Storage is typically one of the biggest performance bottlenecks in a virtual infrastructure, simply because of...
the latency inherent to spinning hard disks. While storage area networks and RAID technology have reduced that element, they haven't been able to eradicate it completely. This doesn't mean everything wrong with your application performance is storage-related, but it's usually a good place to look when you're trying to find bottlenecks.
The key indicator of a storage-related bottleneck is the latency of your application or OS, as opposed to IOPS. Often, we get caught up in the raw IOPS of what an application states it needs, or what the storage array can deliver. This focus on the printed specifications, such as 5,000 IOPS for a database, can contribute to bottlenecks in the overall storage response time. When we focus on IOPS and not latency, we tend to forget about the entire storage path and all of the pieces in it that can cause delays.
Causes of application latency
Several factors can affect latency, including drive configuration, server connection and even the backplane of the storage frame itself. Drive IOPS is only a small piece of the overall puzzle. IOPS is important as you design your infrastructure, but less so when you're looking at actual performance. While the disk and the I/O it delivers are significant, don't consider that the only place you'll find bottlenecks.
Most storage backplanes have several channels to which the data is sent from the drives. This can be a sticking point if your storage frame loads aren't balanced across those channels. This balancing process is normally done manually by the location of the drives in the frame.
Another key point to remember is the connection from the storage frame to your server. This can consist of a fiber or iSCSI network with front-end ports. These ports should be on a dedicated network, especially in the case of iSCSI, and you must take care not to overload the ports of the storage frame, which can create a bottleneck.

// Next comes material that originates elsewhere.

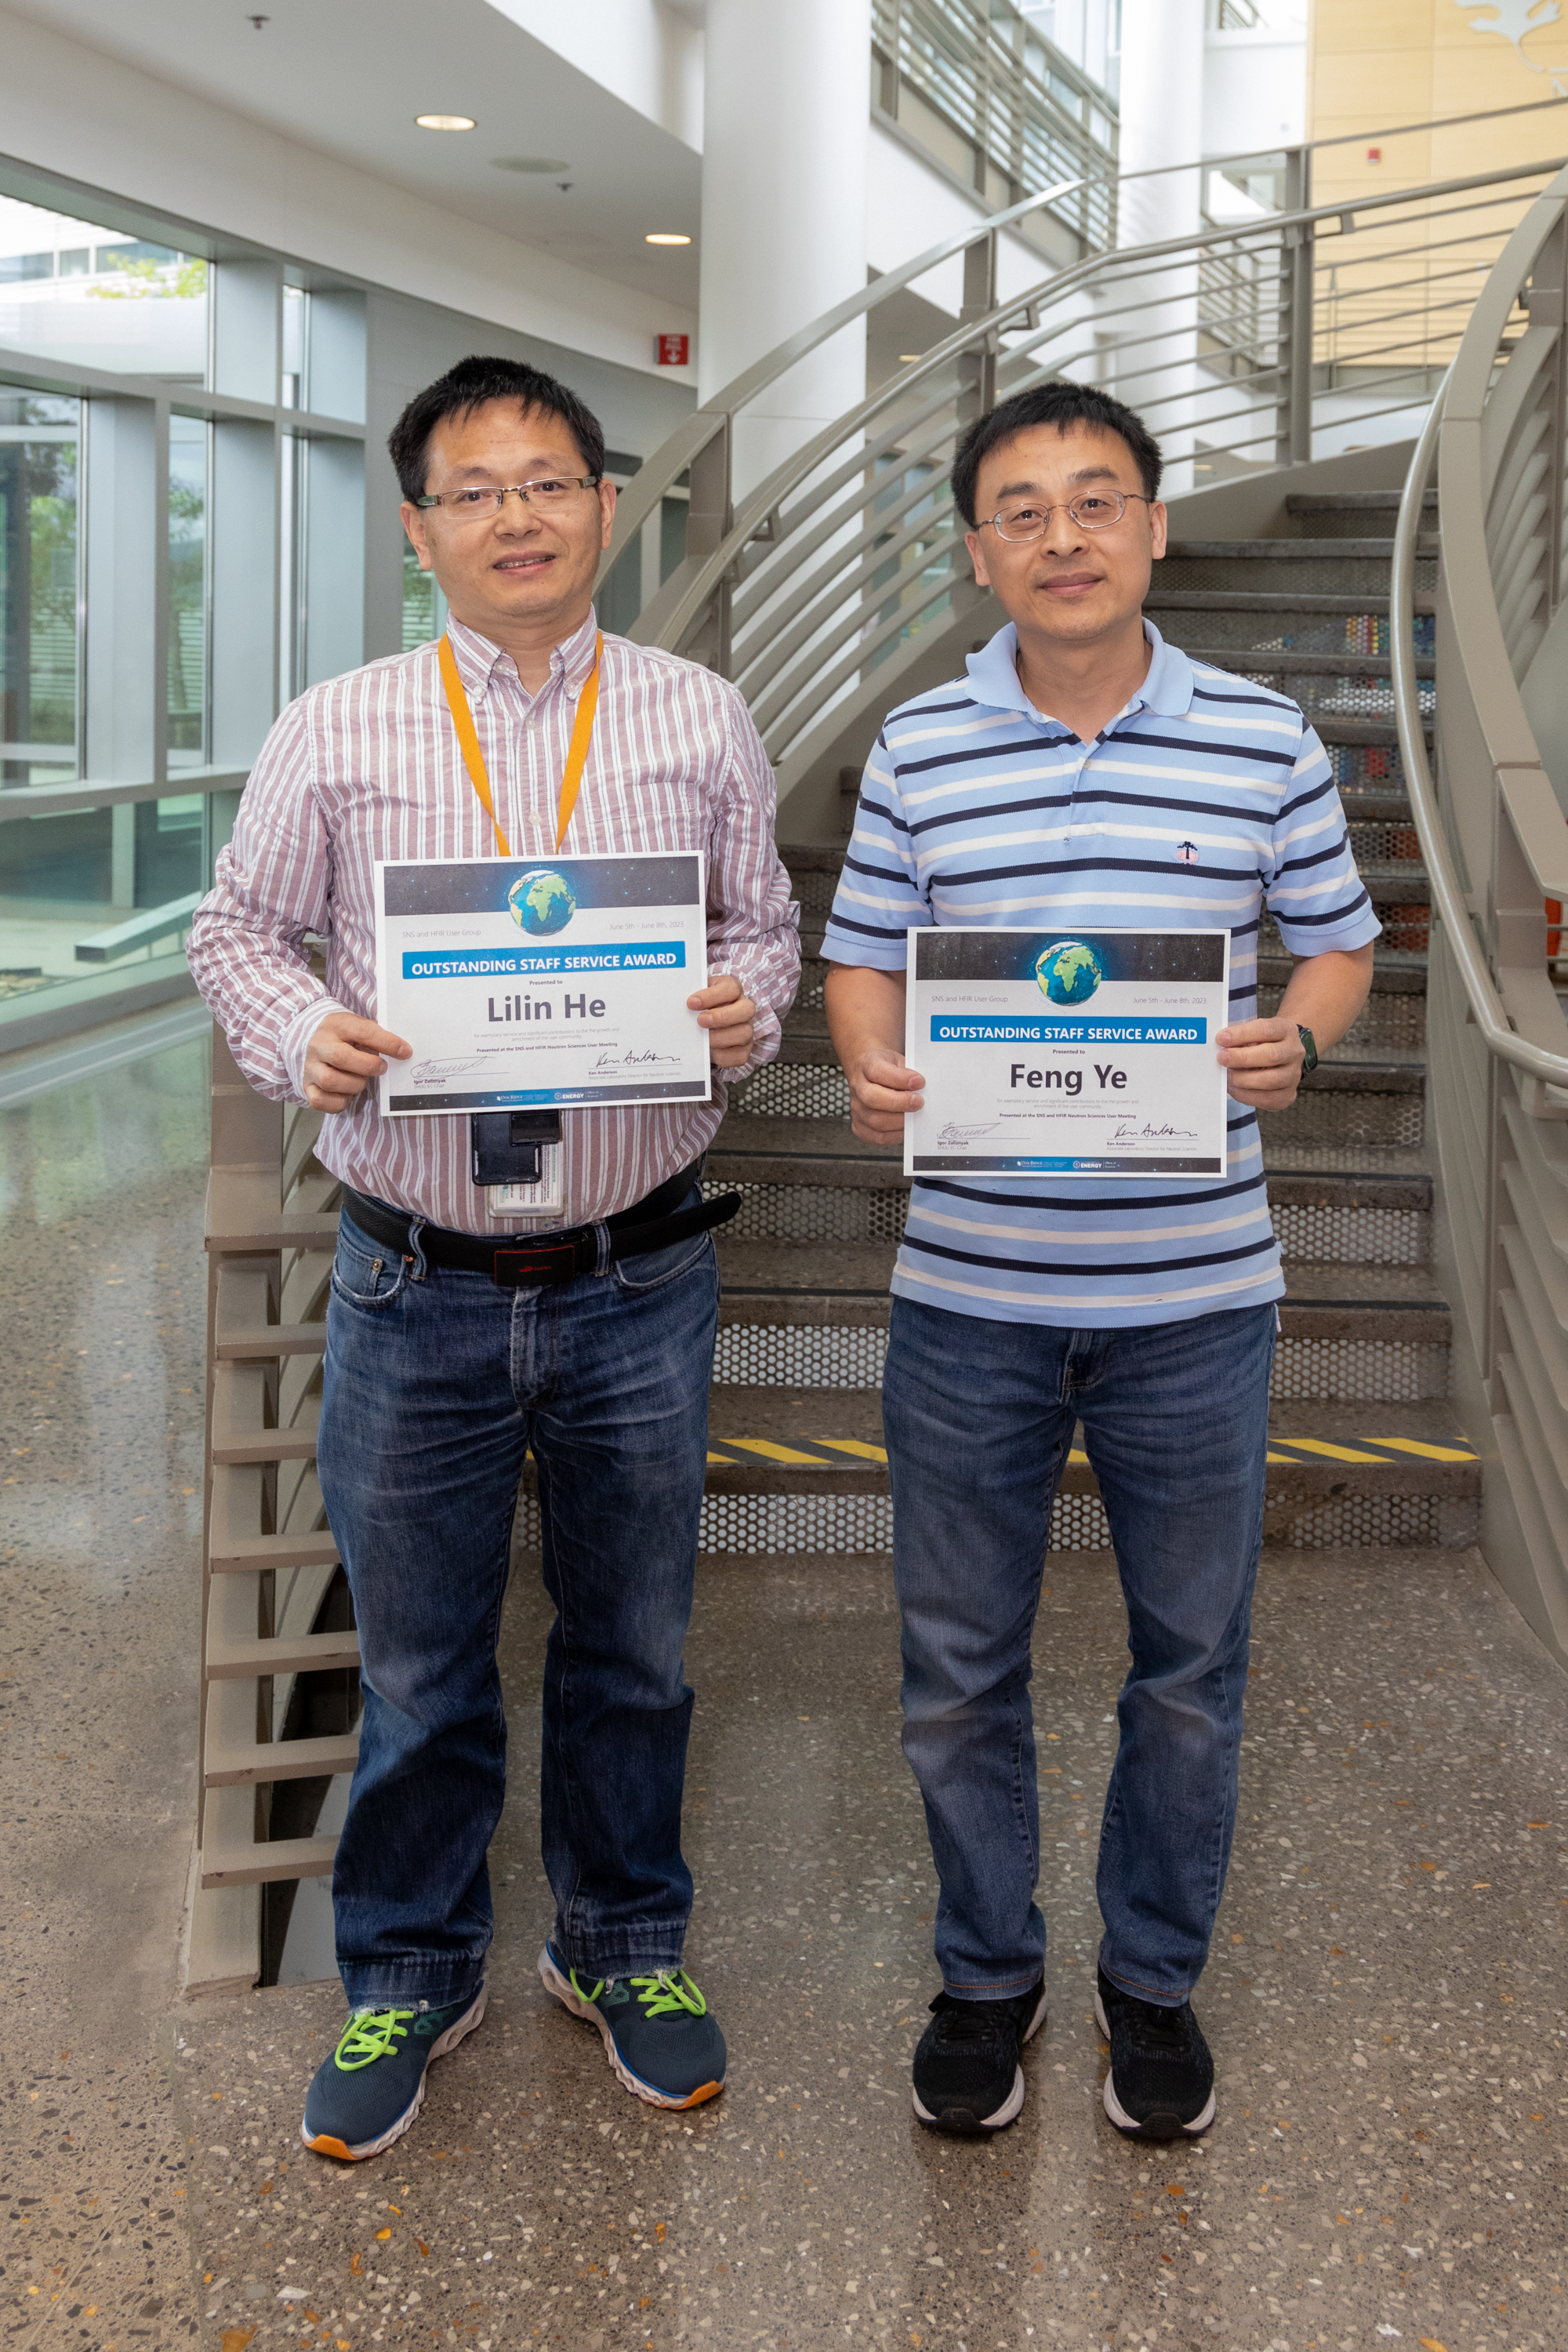 Recipients of 2023 Outstanding Staff Service Award: Lilin He (left), Instrument Scientist for CG-2 GP-SANS at HFIR, and Feng Ye, Instrument Scientist for BL-9 CORELLI at SNS.

One of the biggest things you can do to combat storage issues is to replace mechanical hard disk drives with solid-state drives. These remove the mechanical limitations of the older drives and bring them into the same category of speed as CPU or memory. Though this sounds ideal, it brings up some cost concerns, as well as a whole new issue when it comes to bottlenecks.
With storage being supplanted as the biggest culprit in bottlenecks, you may now highlight other issues in the application stack. Items that weren't issues before, such as CPU or memory, may now jump to the forefront as bottlenecks. This infrastructure pain point shake-up can send engineers looking for resolutions to problems they have never faced before.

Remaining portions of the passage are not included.